Exercise details: The full set of lines below has to be duplicated exactly, with no picture kept.

Source material:
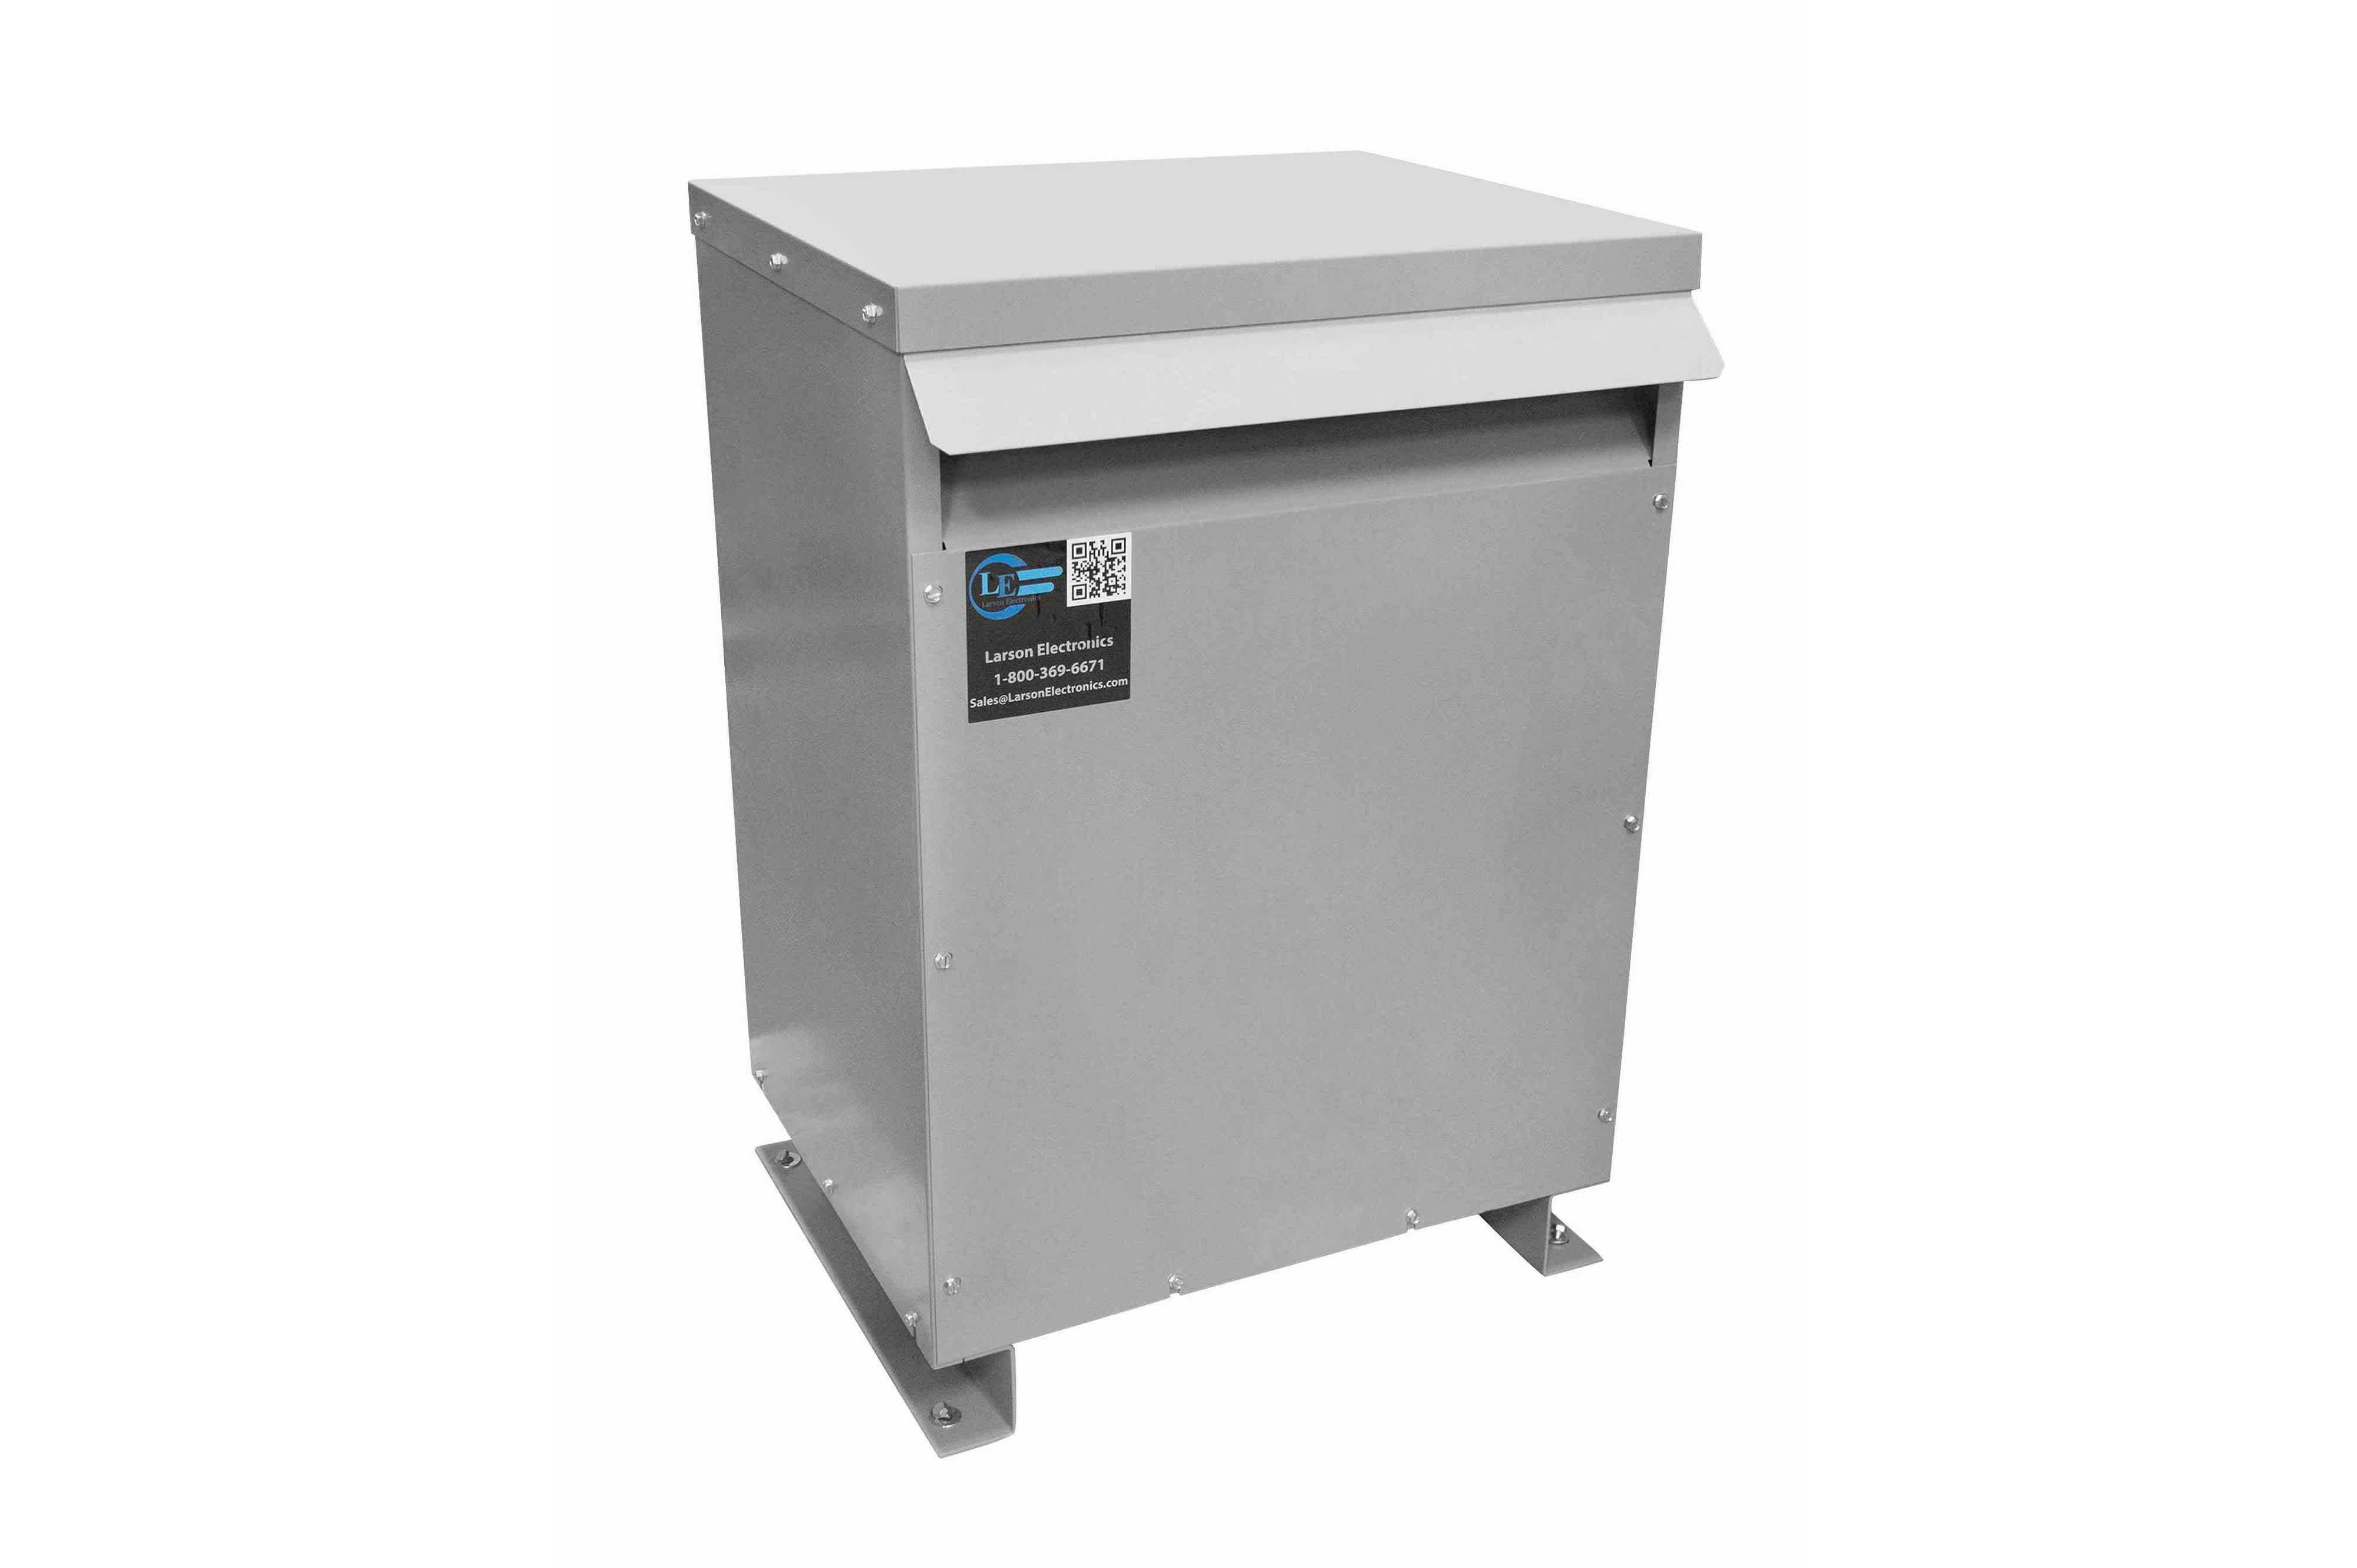 115 kVA 3PH Isolation Transformer, 480V Wye Primary, 575V Delta Secondary, N3R, Ventilated, 60 Hz
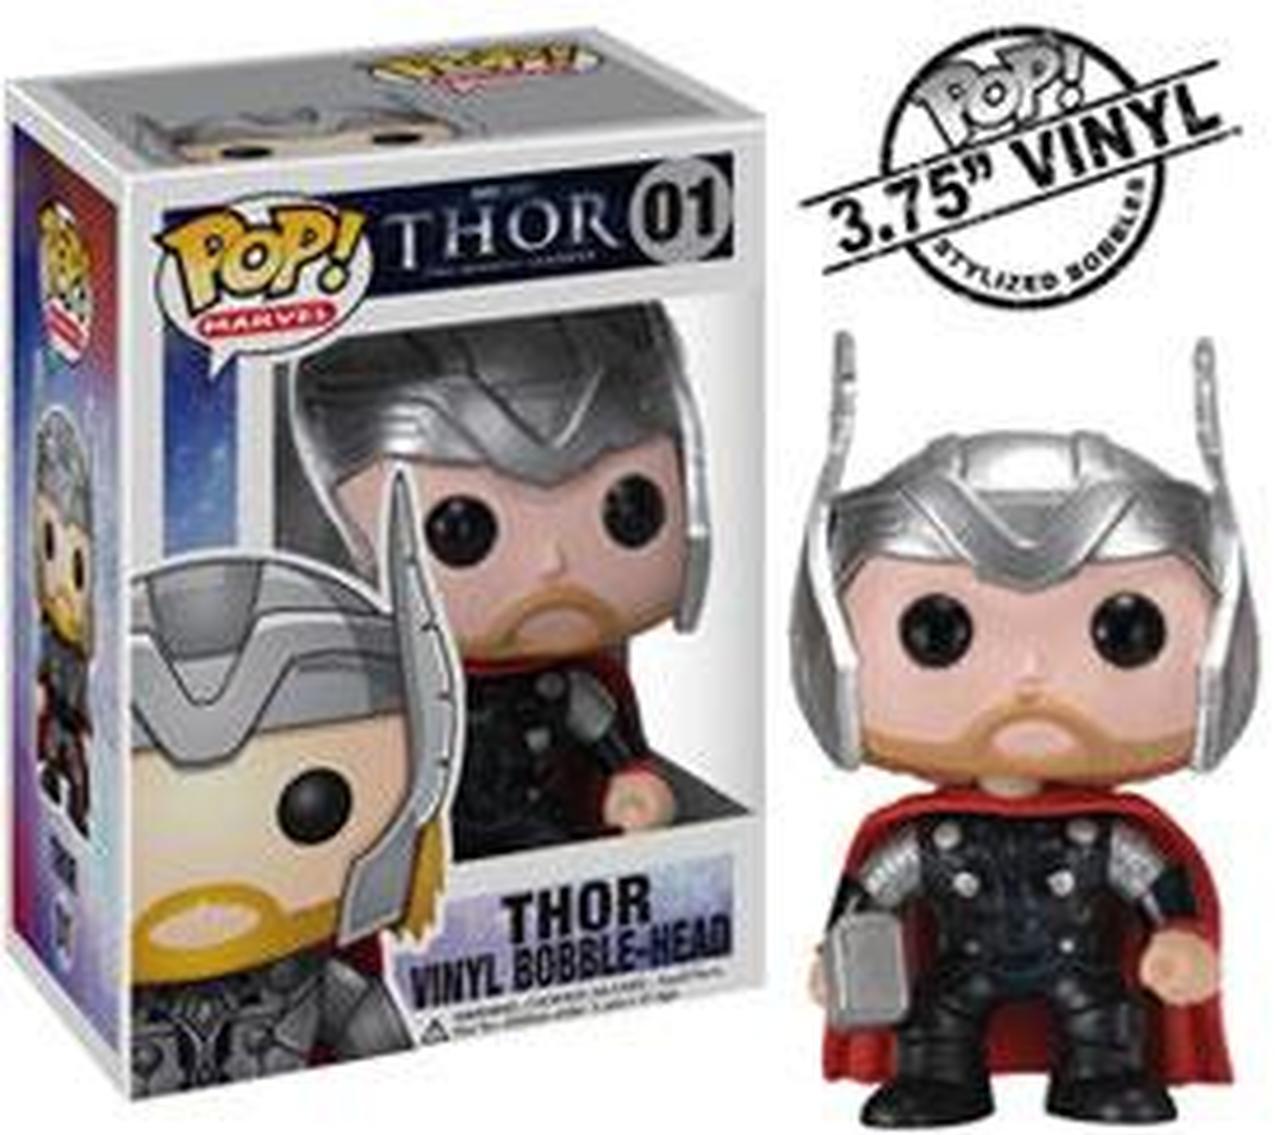 Funko Pop Thor 01
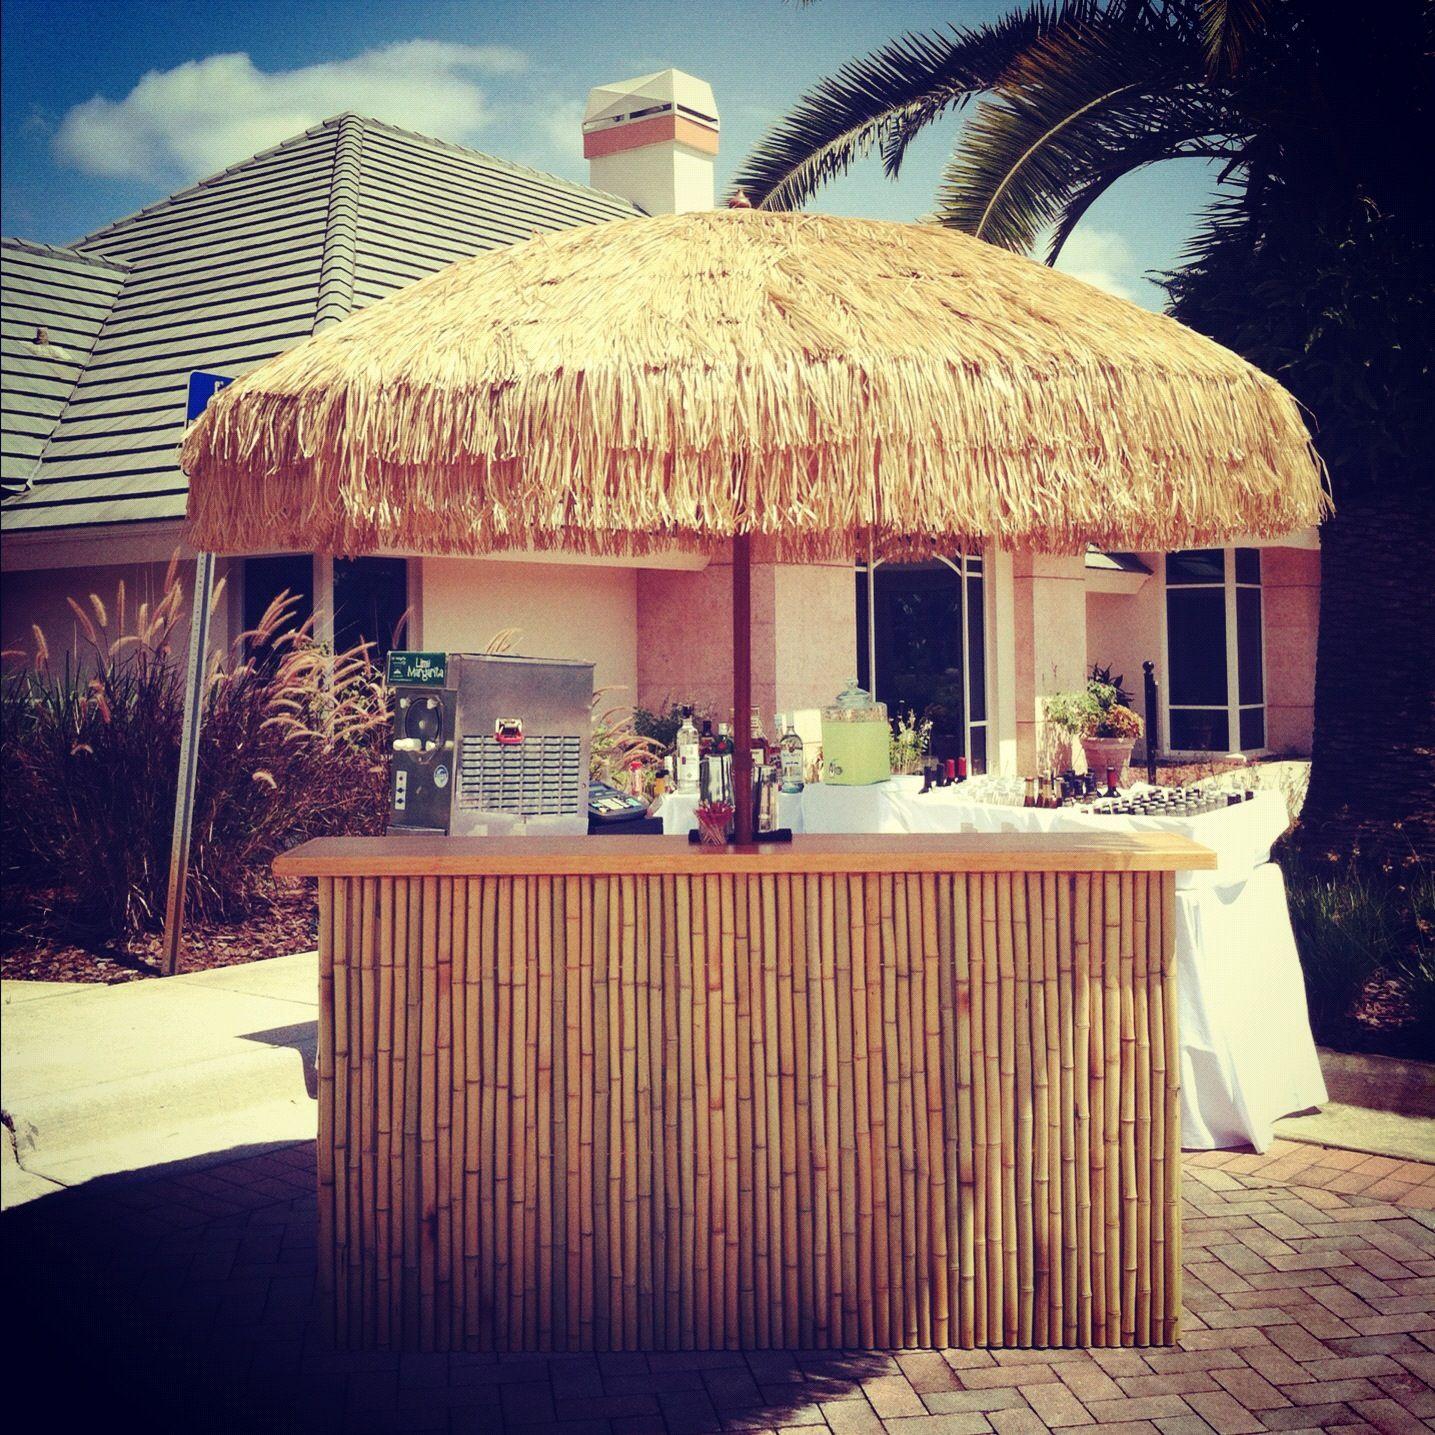 Our Custom Bamboo Tiki Bar And Umbrella Perfect For

Your solution:
 115 kVA 3PH Isolation Transformer, 480V Wye Primary, 575V Delta Secondary, N3R, Ventilated, 60 Hz
 Funko Pop Thor 01
 Our Custom Bamboo Tiki Bar And Umbrella Perfect For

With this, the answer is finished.